The SNCF BB 16000 are a class of 25 kV 50 Hz AC electric locomotives produced by MTE. They are the AC version of the BB 9200.

Description 
This class of 62 locomotives was ordered in 1958 in order to equip the north east network with high speed locomotives capable of running at  under 25 kV-50 Hz single-phase catenary.
They are part of the large family of locomotives nicknamed BB Jacquemin, of which the BB 9200 were the first versions produced for 1.5 kV direct current operation, and developed using the results of speed tests carried out on the prototype series BB 9001-9002 and BB 9003–9004.

During the development of the BB 16000, test runs at  were carried out to check the behavior of the AM 11 single-arm pantographs.

Design 
The electrical power equipment is directly derived from the first machines using Jacquemin concepts, the BB 12000: 25kV / 15kV auto-transformer, auxiliary transformer and traction transformer, rectifiers with ignitrons, later replaced by silicon diodes, and smoothing chokes, shunt resistors on the inductors of the 4 traction motors, and Arno three-phase converter to supply hotel power.
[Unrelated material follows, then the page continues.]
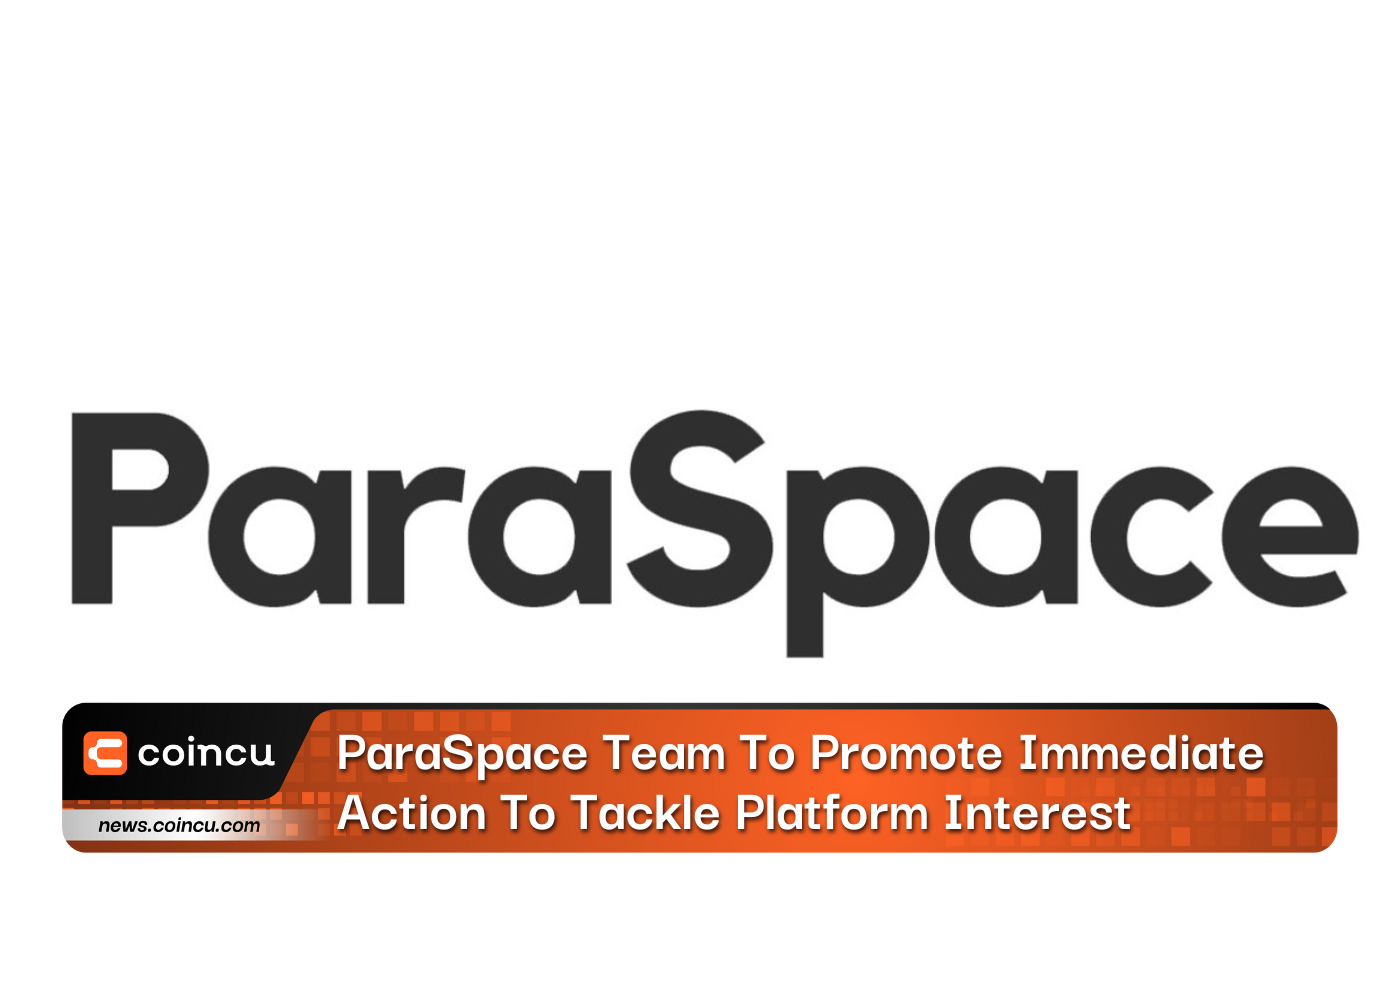 ParaSpace Team To Promote Immediate Action To Tackle Platform Interest

The interesting improvement concerns the replacement of the mechanical camshaft controllers, as used on the BB 12000s, by Jeumont-Heidmann servomotors. The first 34 BB 16000s had provisional support for the AM 11 single-arm pantograph, similar to that fitted to BB 9400, except that the insulators are different for a single-phase machine. From BB 16035, the new reinforced support was installed, as used by BB 16500.

BB 16001 to 51 were delivered with a body similar to the first 21 BB 9200 locomotives, with short louvres. From BB 16052 the louvres were lengthened. There were some minor differences between the two sub-series, concerning the weight and the electrical equipment.

BB 16012 had additional ventilation louvres, which were provisionally installed to test the new silicon diode rectifier blocks. These were retained after the tests were concluded.

BB 16050 was the only push-pull fitted member of the class allocated to Corail never to have sported the Corail livery. It was fitted with the control cables and equipment while it was still in the mid-1970s green livery which it retained.

15 members of the class have been converted to class BB 16100 to operate VB2N sets in push-pull mode.

Service history 
The BB 16000s during their very long career have hauled most of the fast and express trains of the north, east, and north-west networks. With the progress of the 25 kV electrification, they quickly supplanted steam locomotives on services, from prestigious TEEs to interregional trains, and to certain fast freight trains.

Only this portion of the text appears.